I was completely wiped out last night - got home, tested my blood sugar, and then sat around like a lump for about twenty minutes in front of Cowzilla before realizing that I needed to eat something for dinner. I was so tired I forgot to walk the rent downstairs to the super - just went to bed, finished Declare, set the alarm, and went to sleep. About all I managed to accomplish yesterday was mailing out the bandages I sold on eBay and getting the money order for the rent.
I wound up getting a good ten hours of sleep last night and actually feel halfway decent this morning. This was a good thing, because P's Swedish Death Flu is trying for a comeback and she was all kittywumpus this morning, unable to find wallet, phone, head...you know how those mornings are. I took her by the Caribou on Penn since I figured we had time to do that on the way to catch the bus, but I was wrong and we wound up activating Plan C, which due to something having gone horribly wrong on I-35W required us to drive into town via Lyndale, 46th, and 1st Avenue to Marquette. Even though we were on the surface all the way in, I still got P to work on time. Yay.

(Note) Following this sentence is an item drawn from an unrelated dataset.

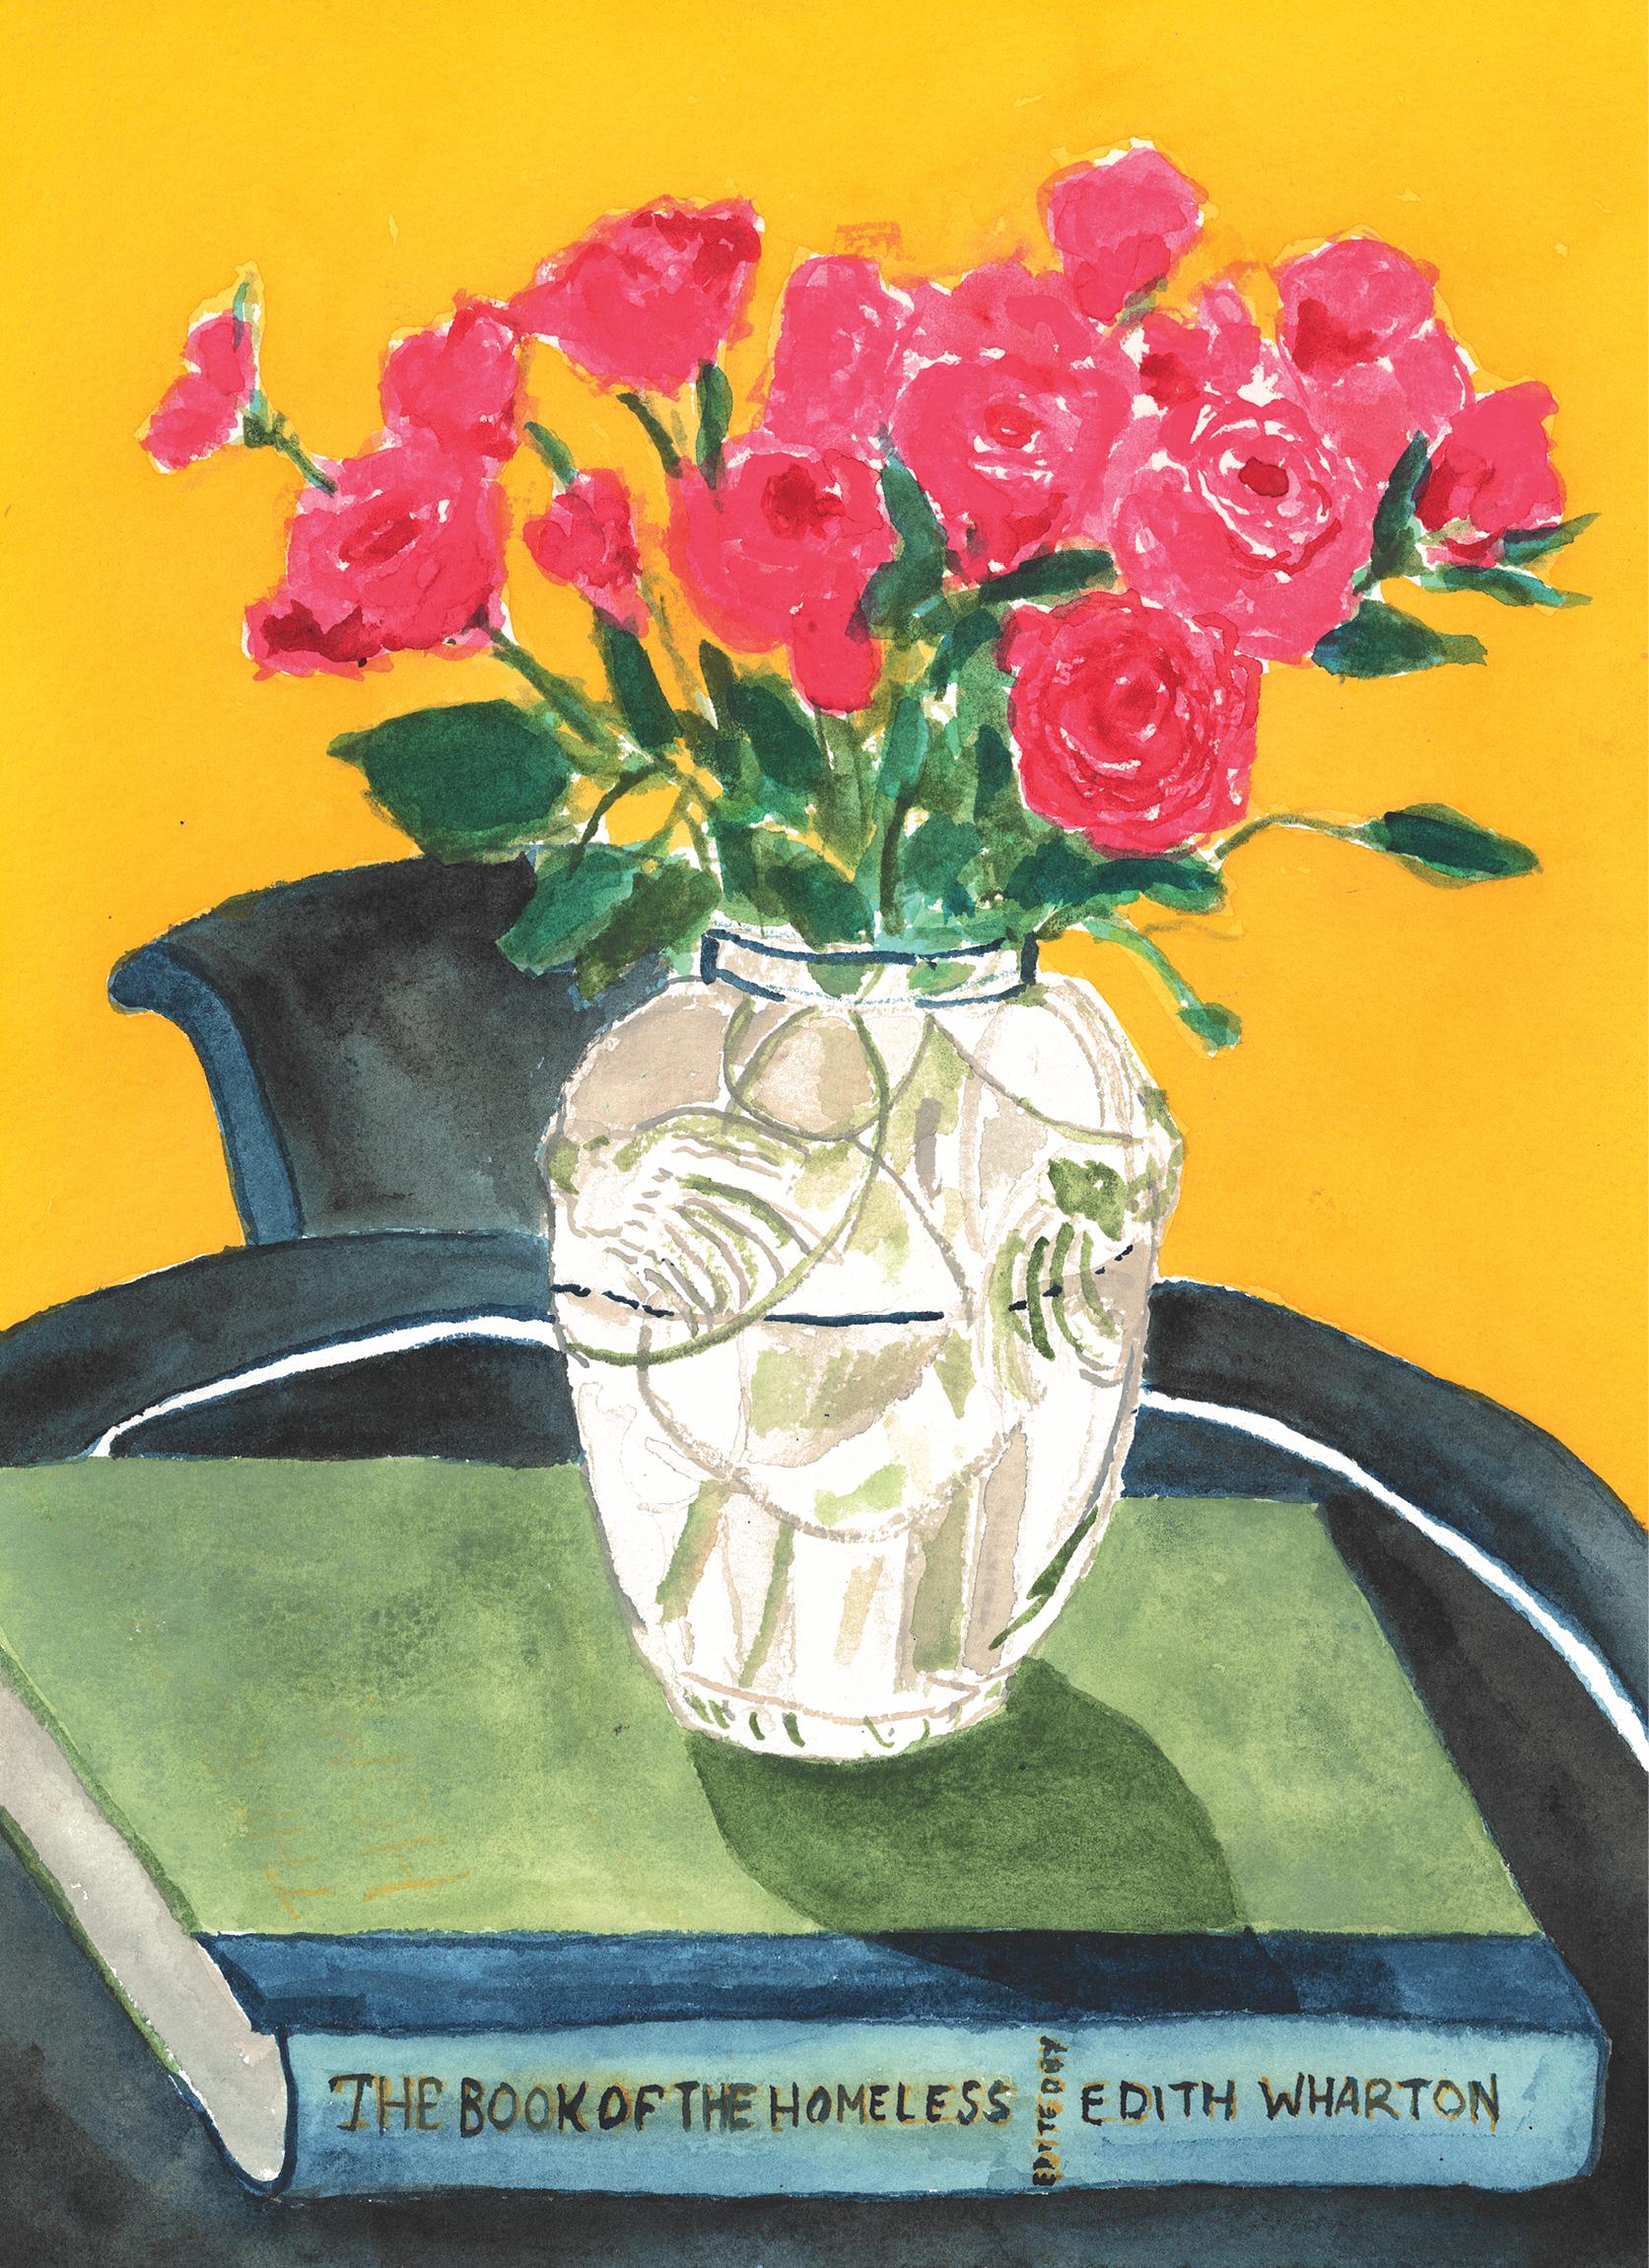 Deco Vase of Roses (Edith Wharton), 2020. Gouache on Arches Paper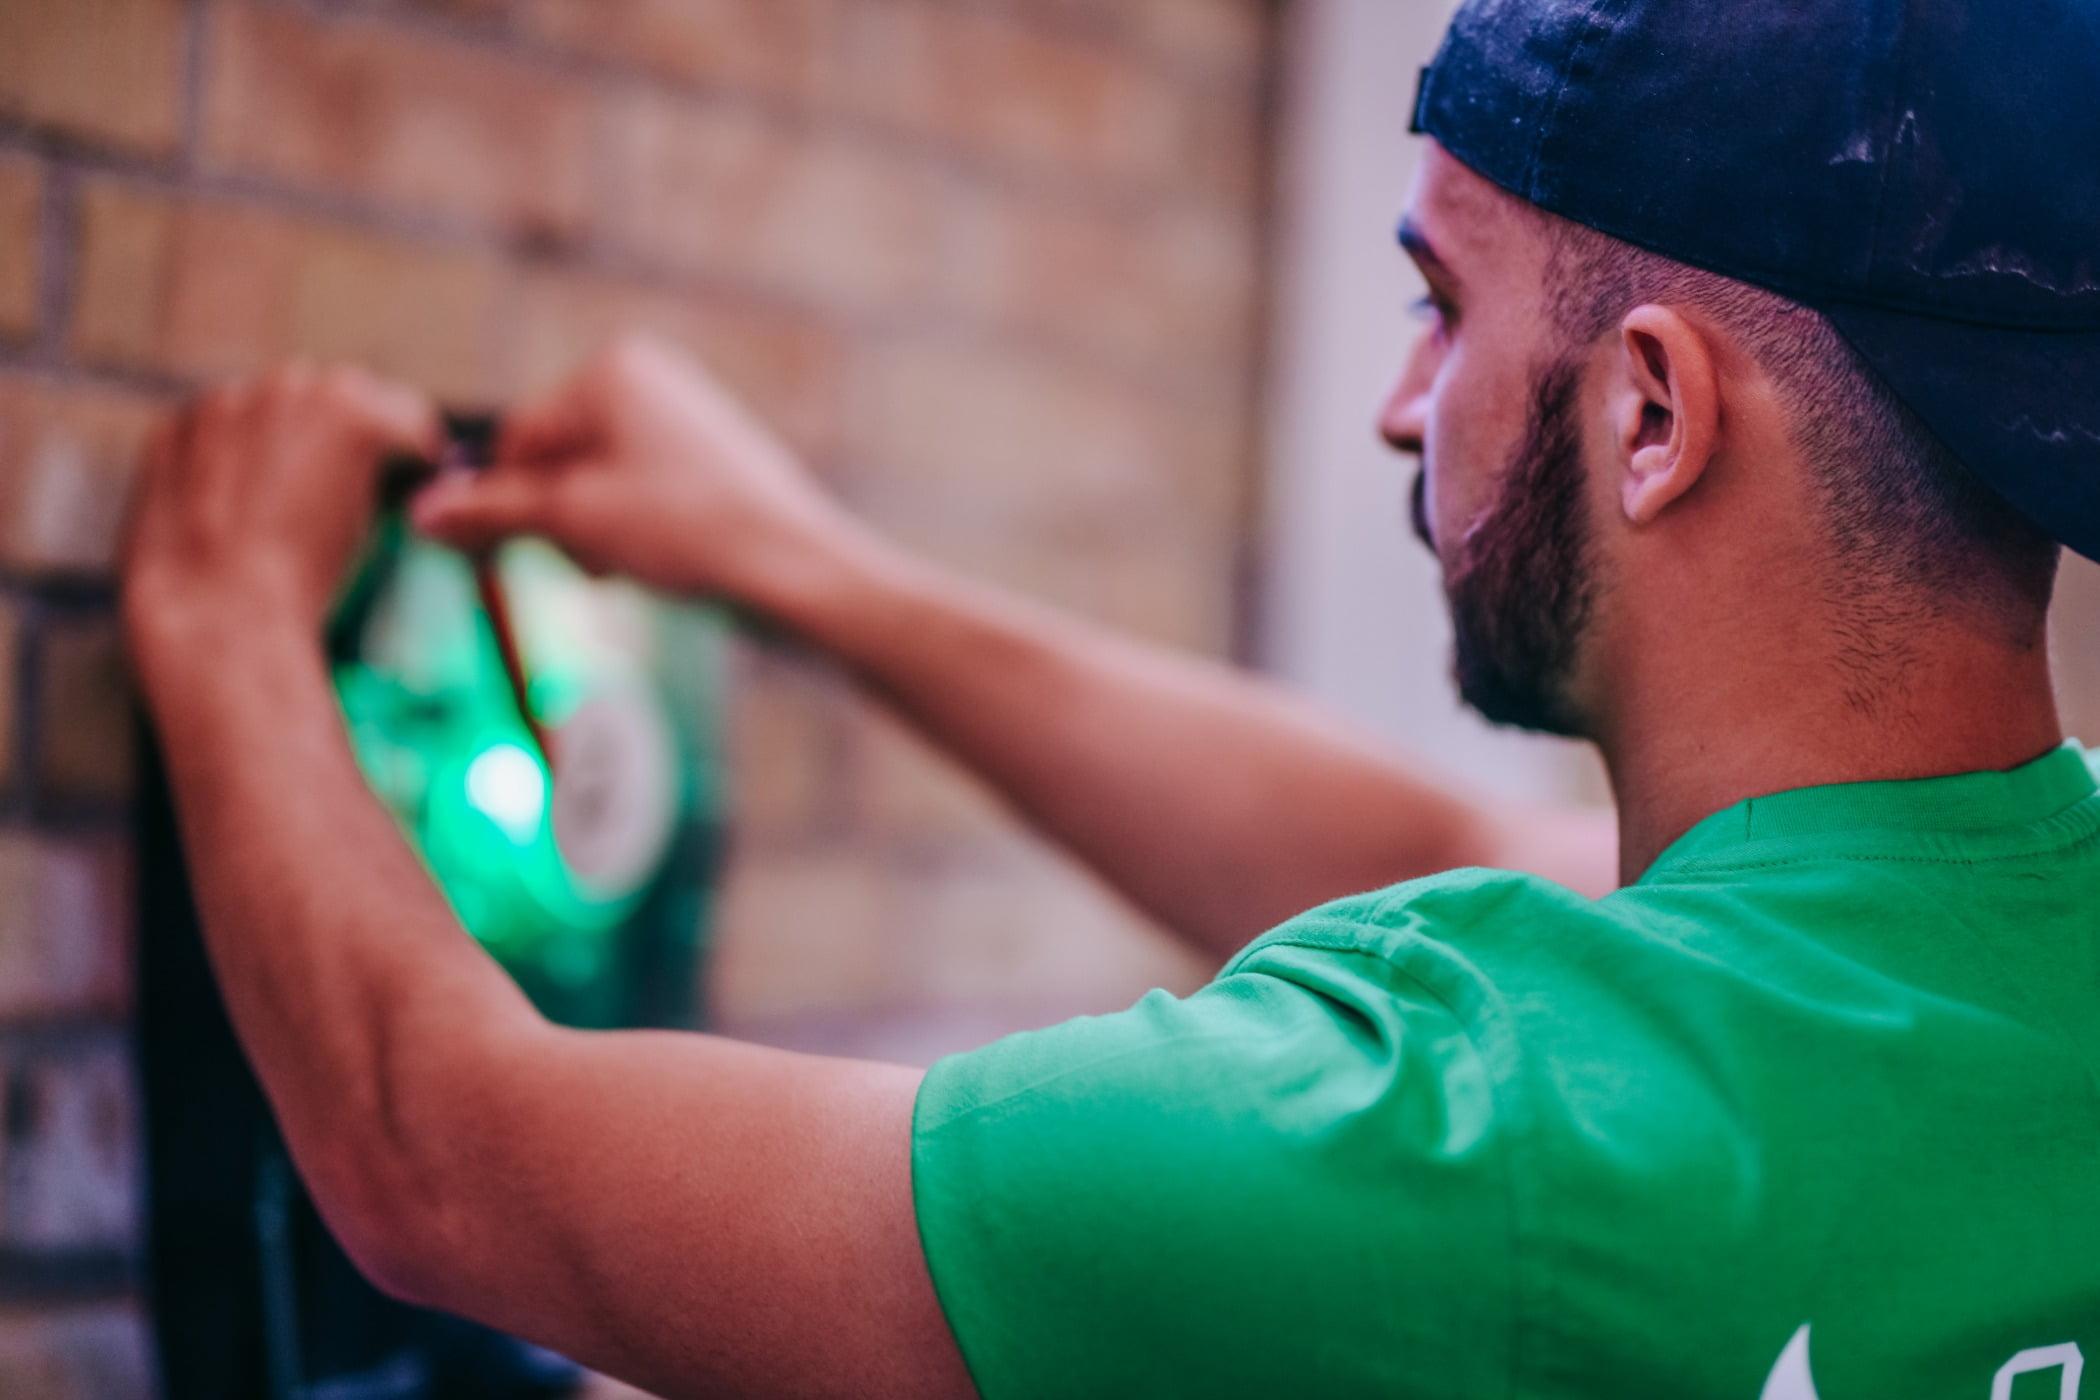 Flash photography, Green, Beard, Gesture, Elbow, T-shirt

Well, it's very different from Stross' The Atrocity Archives, and that's only partly due to the stylistic differences between Deighton and Le Carre which are the most obvious point of departure. Declare develops slowly, drawing together the disparate threads of its story over forty years of wandering in the wilderness of mirrors that was the Great Game played out between the Cheka/OGPU/NKVD/KGB on the one hand and the various intelligence agencies of the NATO powers on the other, while Stross' short novel is more of a thriller in the Quiller/James Bond tradition - one can easily see it being made into a movie along the lines of Raiders of the Lost Ark, with which it shares some literary/historical genes.
I can't really go into the other major point of divergence between the two books without spoiling both, but suffice it to say that while Stross' book is definitely a part of the Cthulhu Mythos, Powers' is not, although that's not entirely clear until a good ways into the book. It has all the feel of one, until the significance of Hale's Middle Eastern connections becomes apparent, but that's not until you've gotten well stuck into it. I enjoyed it tremendously, and recommend it highly.
Finally, an observation: it's a waste of time looking for cheerful icons in the utena_icons community. What was I thinking?